Your goal
Your answer must be only the lines below from the one containing "Amazon Business website" through the one containing "Bosch AL 60 DV1411 User Manual", copied exactly, with the pictures left out.

Excerpted data
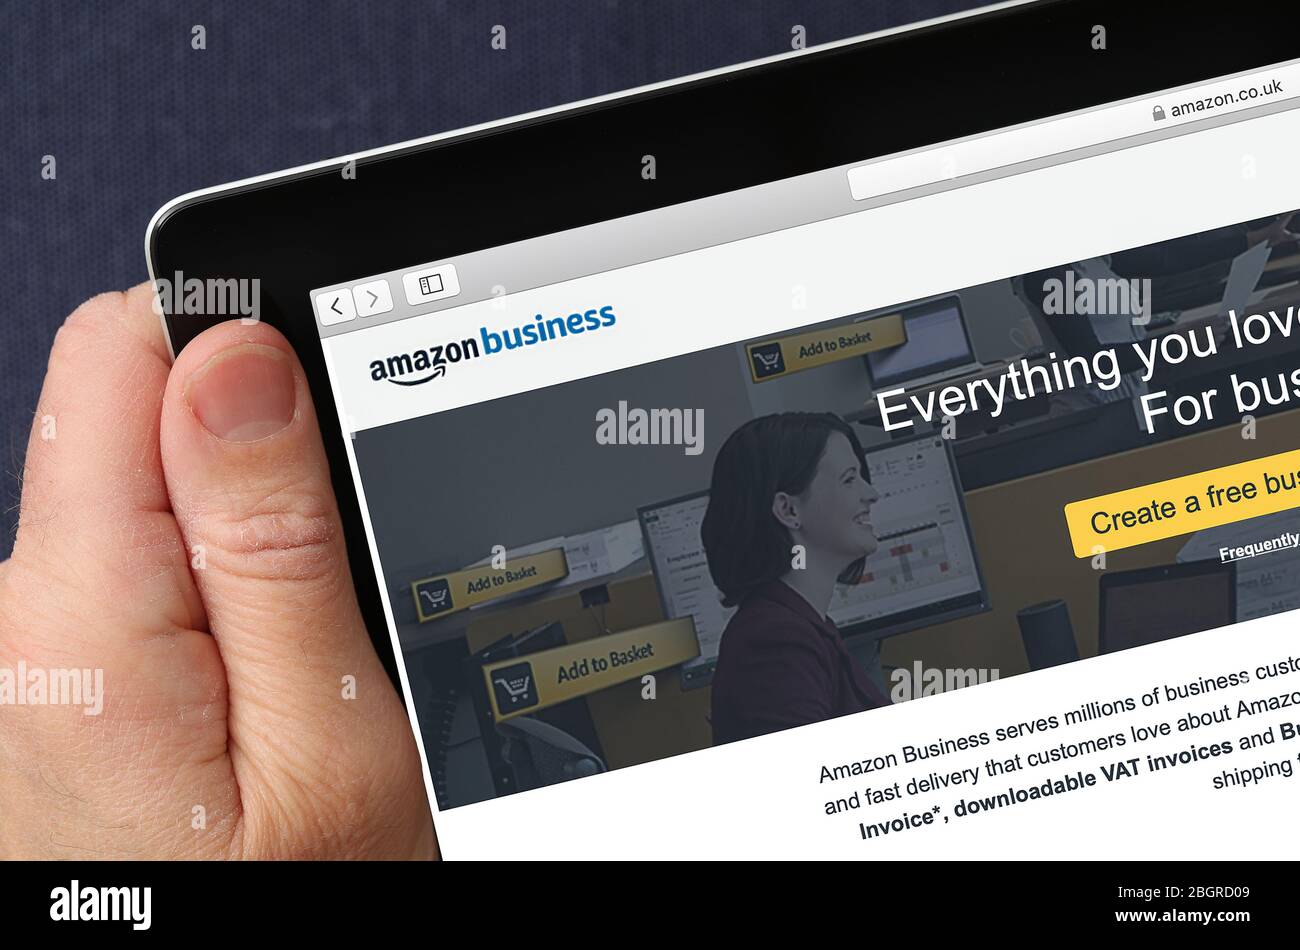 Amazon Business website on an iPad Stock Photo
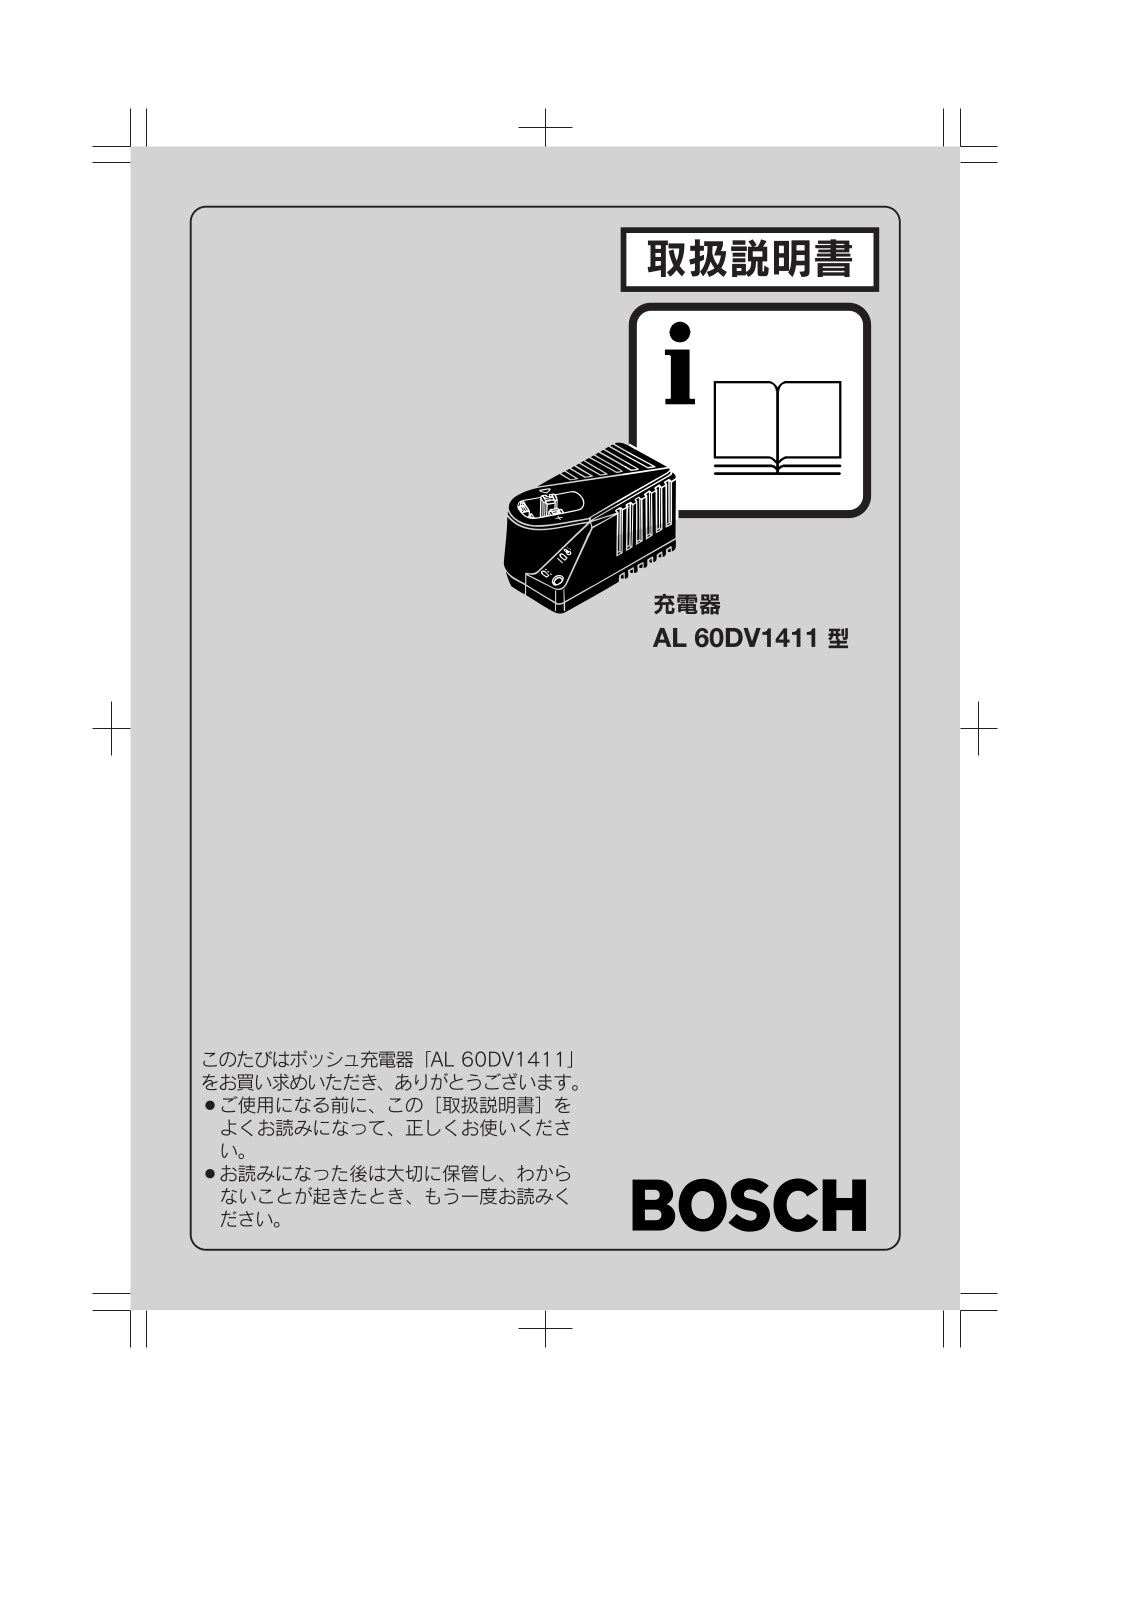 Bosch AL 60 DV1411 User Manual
==
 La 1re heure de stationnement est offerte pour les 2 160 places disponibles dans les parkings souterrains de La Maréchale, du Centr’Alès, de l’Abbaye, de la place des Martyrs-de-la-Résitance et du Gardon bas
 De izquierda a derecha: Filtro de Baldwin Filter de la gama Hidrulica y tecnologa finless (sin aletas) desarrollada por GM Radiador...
...
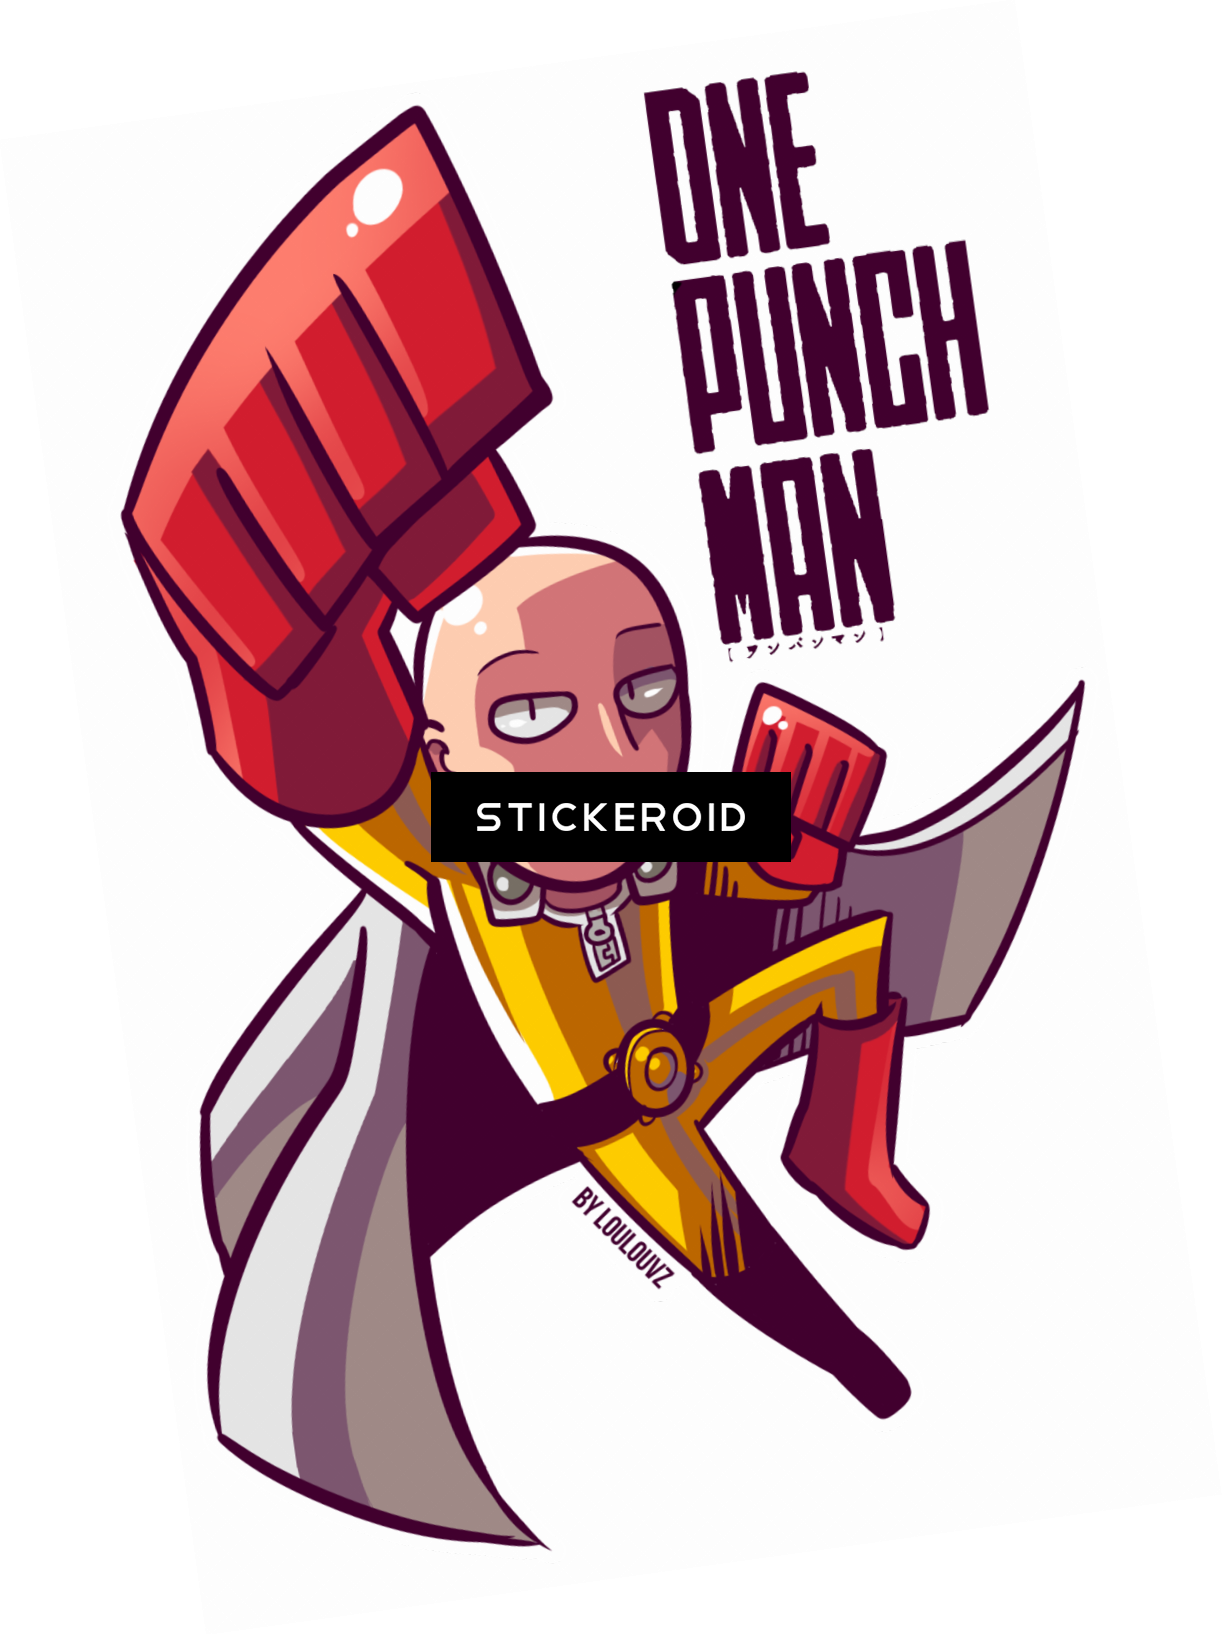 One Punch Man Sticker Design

Written response
 Amazon Business website on an iPad Stock Photo
 Bosch AL 60 DV1411 User Manual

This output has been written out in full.